Introducing Natural Language Search for Podcast Episodes

March 17, 2022 Published by Alexandre Tamborrino, Machine Learning Engineer

Beyond term-based Search

Until recently, Search at Spotify relied mostly on term matching. For example, if you type the query “electric cars climate impact”, Elasticsearch will return search results that contain everything that has each of those query words in its indexed metadata (like in the title of a podcast episode).

However, we know users don’t always type the exact words for what they want to listen to, and we have to use fuzzy matching, normalization, and even manual aliases to make up for it. While these techniques are very helpful for the user, they have limitations, as they cannot capture all variations of expressing yourself in natural language, especially when using natural language sentences.

Going back to the query “electric cars climate impact”, our Elasticsearch cluster did not actually retrieve anything for it… but does this mean that we don’t have any relevant content to show to the user for this query? 

Enter Natural Language Search.

Natural Language Search

To enable users to find more relevant content with less effort, we started investigating a technique called Natural Language Search, also known as Semantic Search in the literature. In a nutshell, Natural Language Search matches a query and a textual document that are semantically correlated instead of needing exact word matches. It matches synonyms, paraphrases, etc., and any variation of natural language that express the same meaning.

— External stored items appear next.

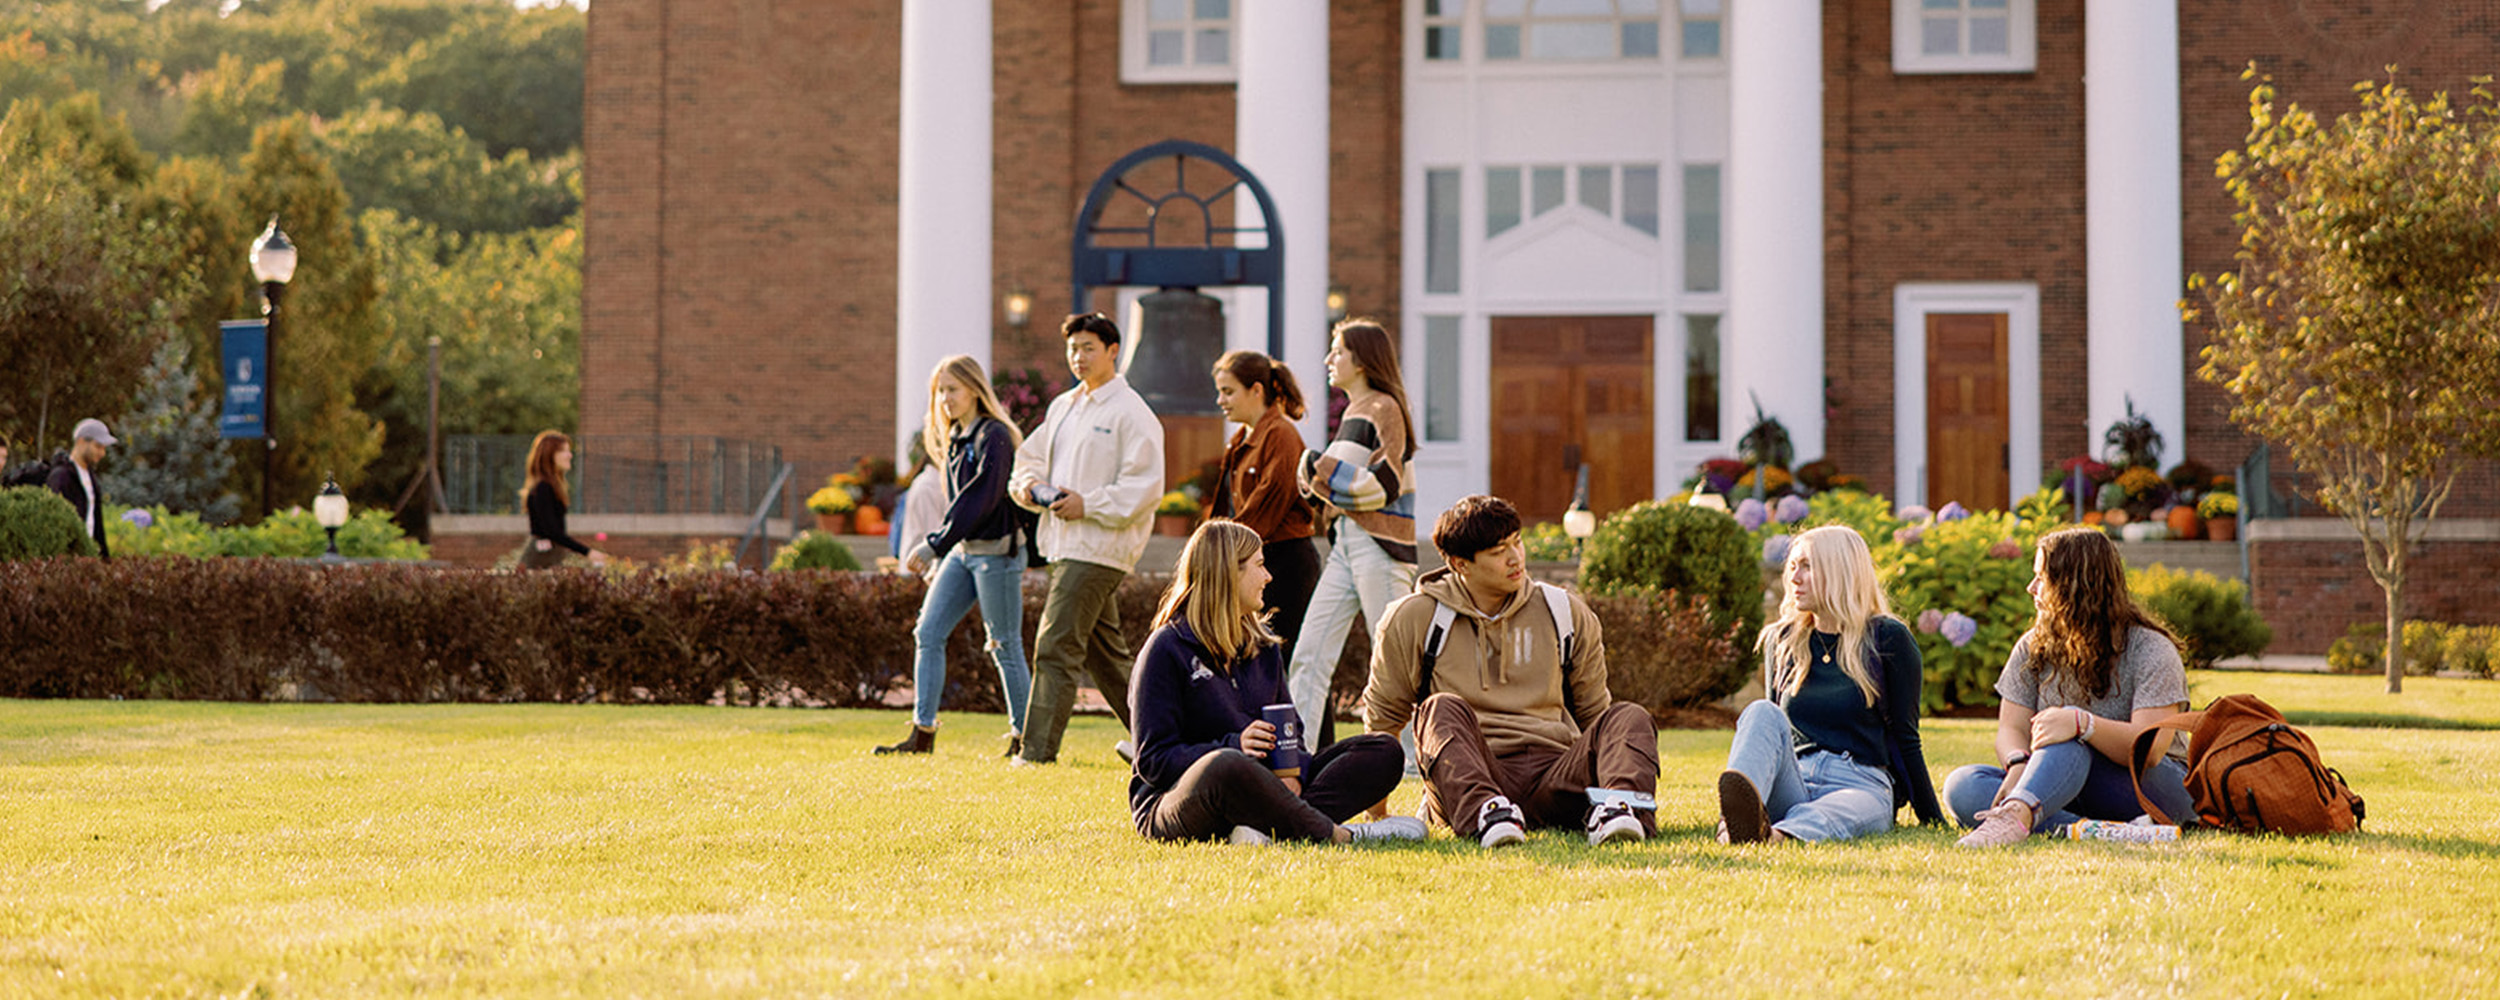 students talking on the grass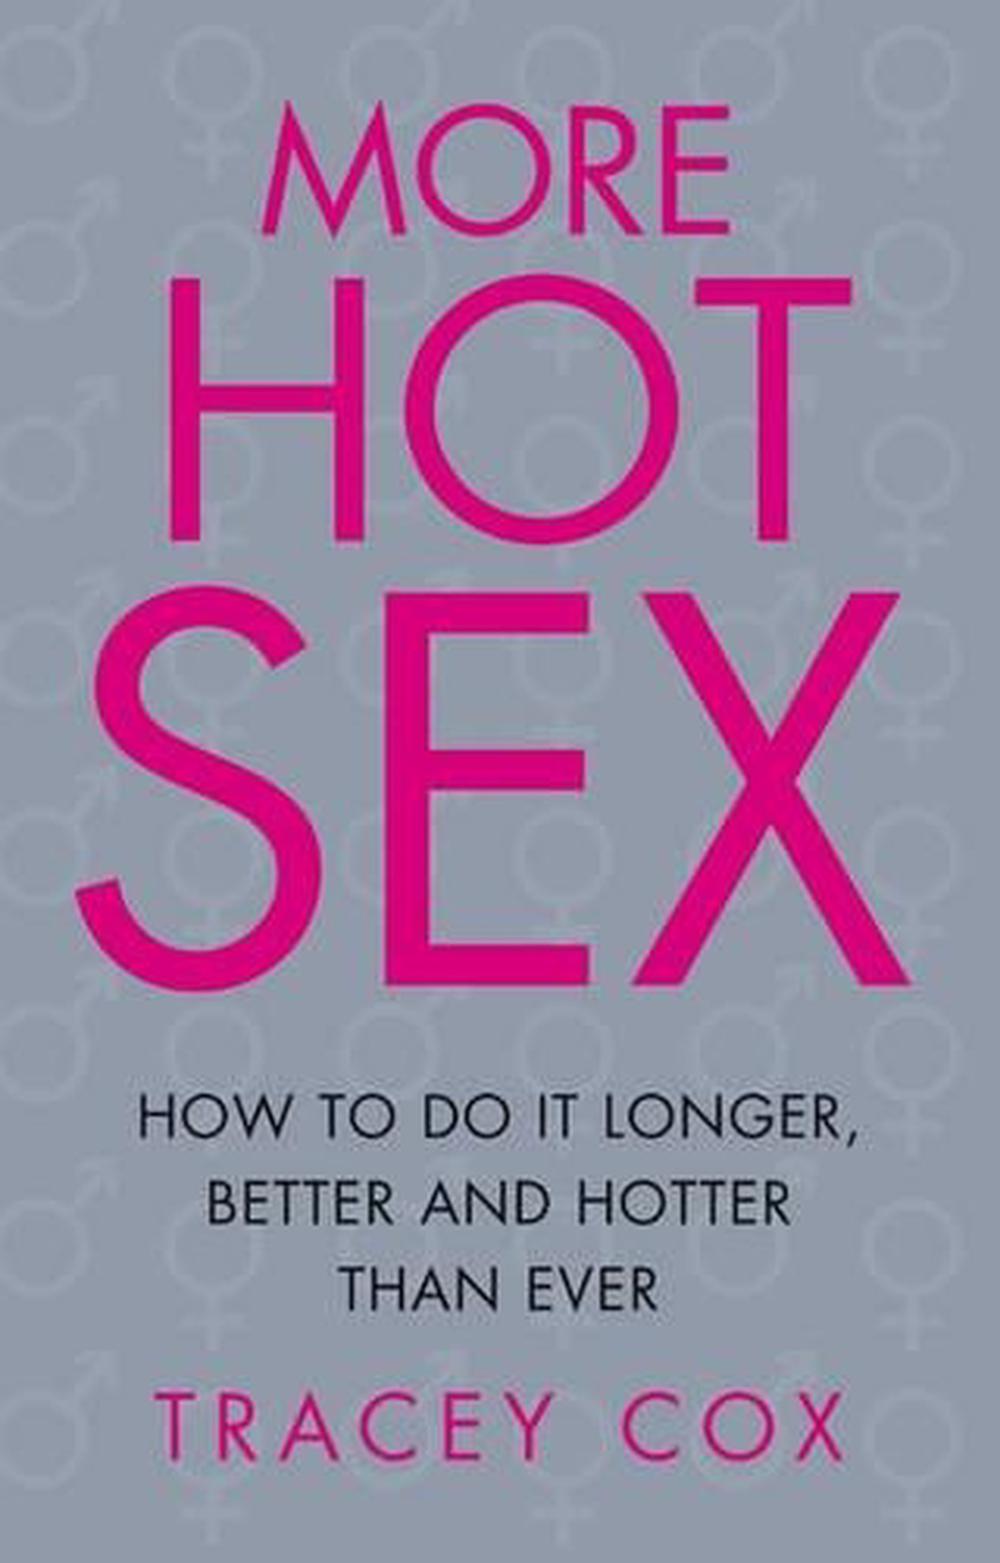 More Hot Sex By Tracey Cox Paperback 9781863255806 Buy Online At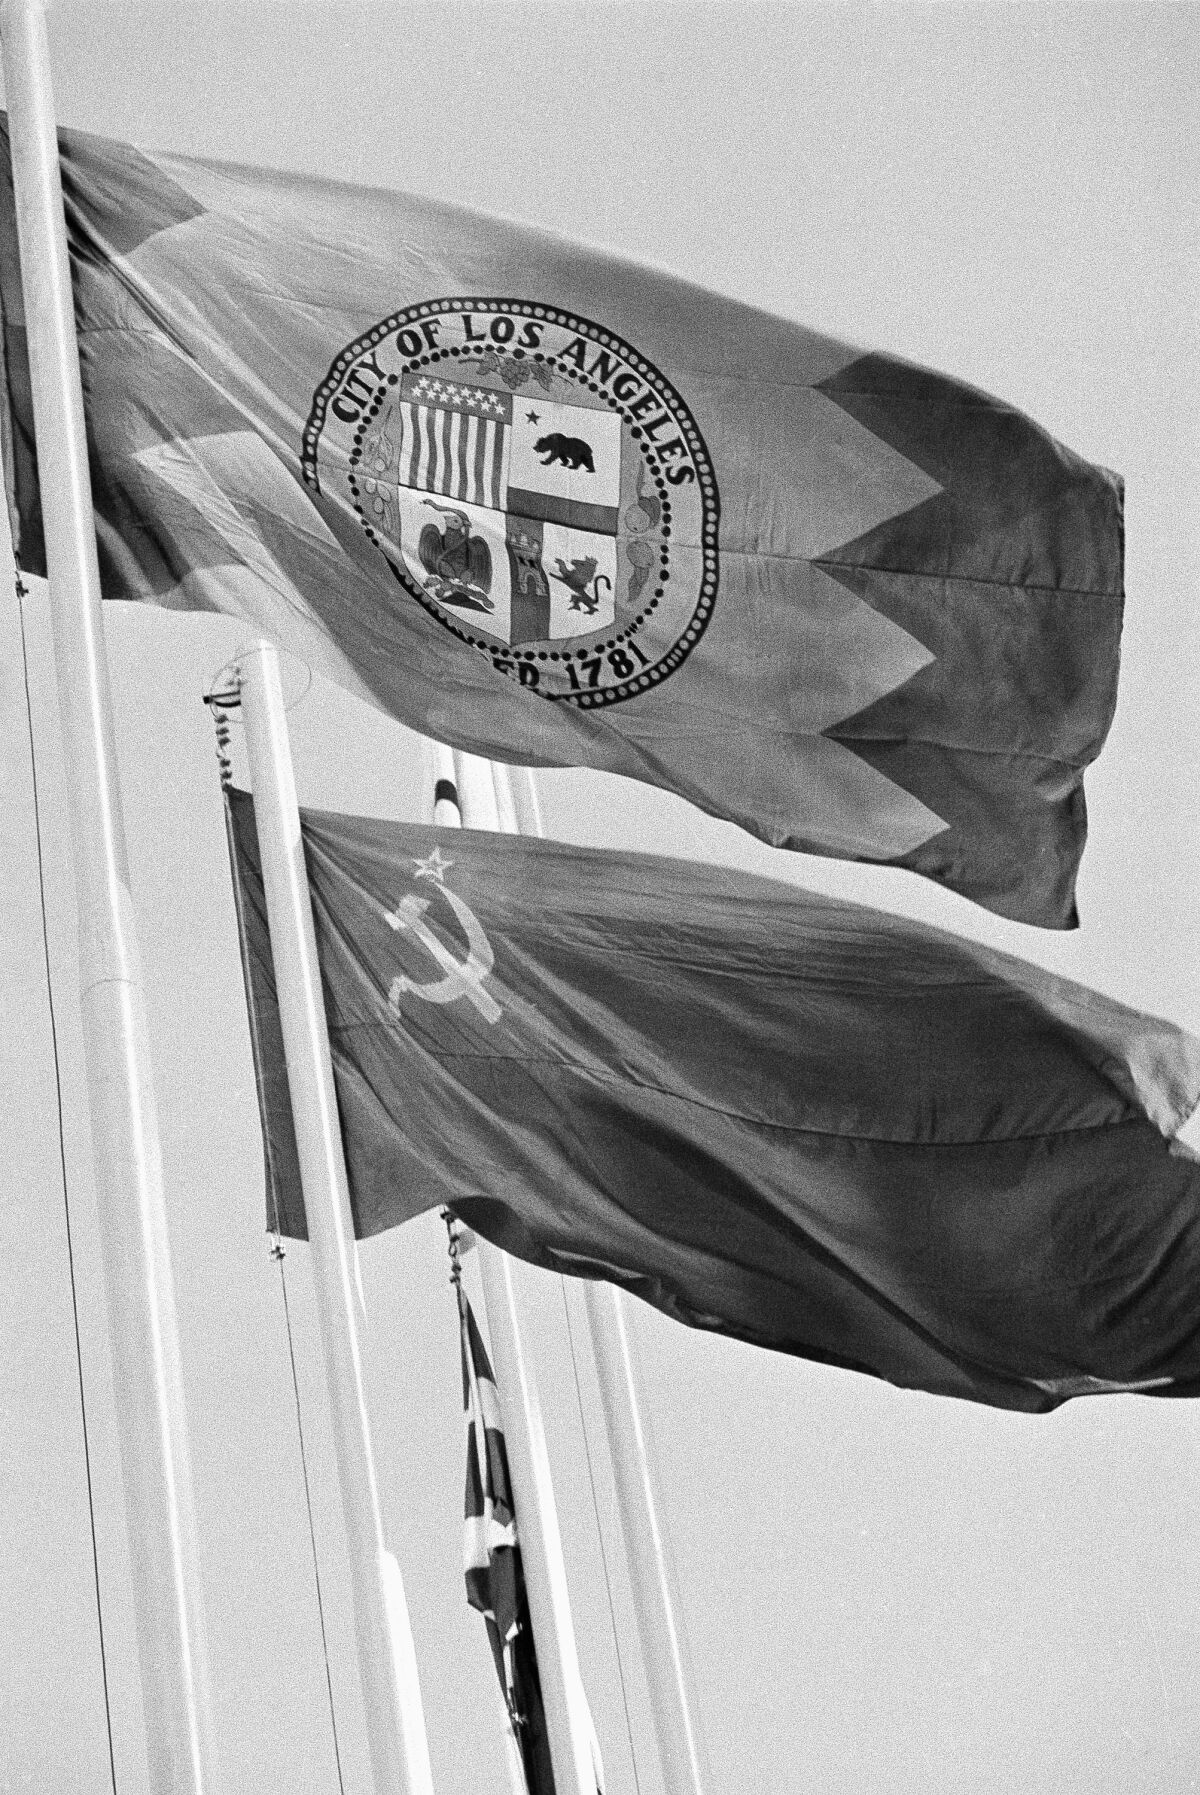 The Los Angeles city flag flies next to the Soviet Union's during the closing ceremony of the 1980 Moscow Olympics.

As a first step, we decided to apply Natural Language Search to podcast episode retrieval, as we thought that semantic matching would be most useful when searching for podcasts. Our solution is now deployed for most Spotify users. Thanks to this technique, one can retrieve relevant content for our example query:

Example of Natural Language Search for podcast episodes.

It is noticeable that none of the retrieved episodes contains all of the query words in their title (that’s why Elasticsearch was not picking them up). However, those episodes seem quite relevant to the user’s query.

To achieve this result, we leveraged recent advances in Deep Learning / Natural Language Processing (NLP) like Self-supervised learning and Transformer neural networks. We also took advantage of vector search techniques like Approximate Nearest Neighbor (ANN) for fast online serving. The rest of this post will go into further detail about our architecture.

Technical solution

We are using a machine learning technique called Dense Retrieval, which consists of training a model that produces query and episode vectors in a shared embedding space. A vector is simply an array of float values. The objective is that the vectors of a search query and a relevant episode would be close together in the embedding space. For queries, we use the query text as input to the model, and for episodes, we use a concatenation of textual metadata fields of the episode such as its title, description, its parent podcast show’s title and description, and so on.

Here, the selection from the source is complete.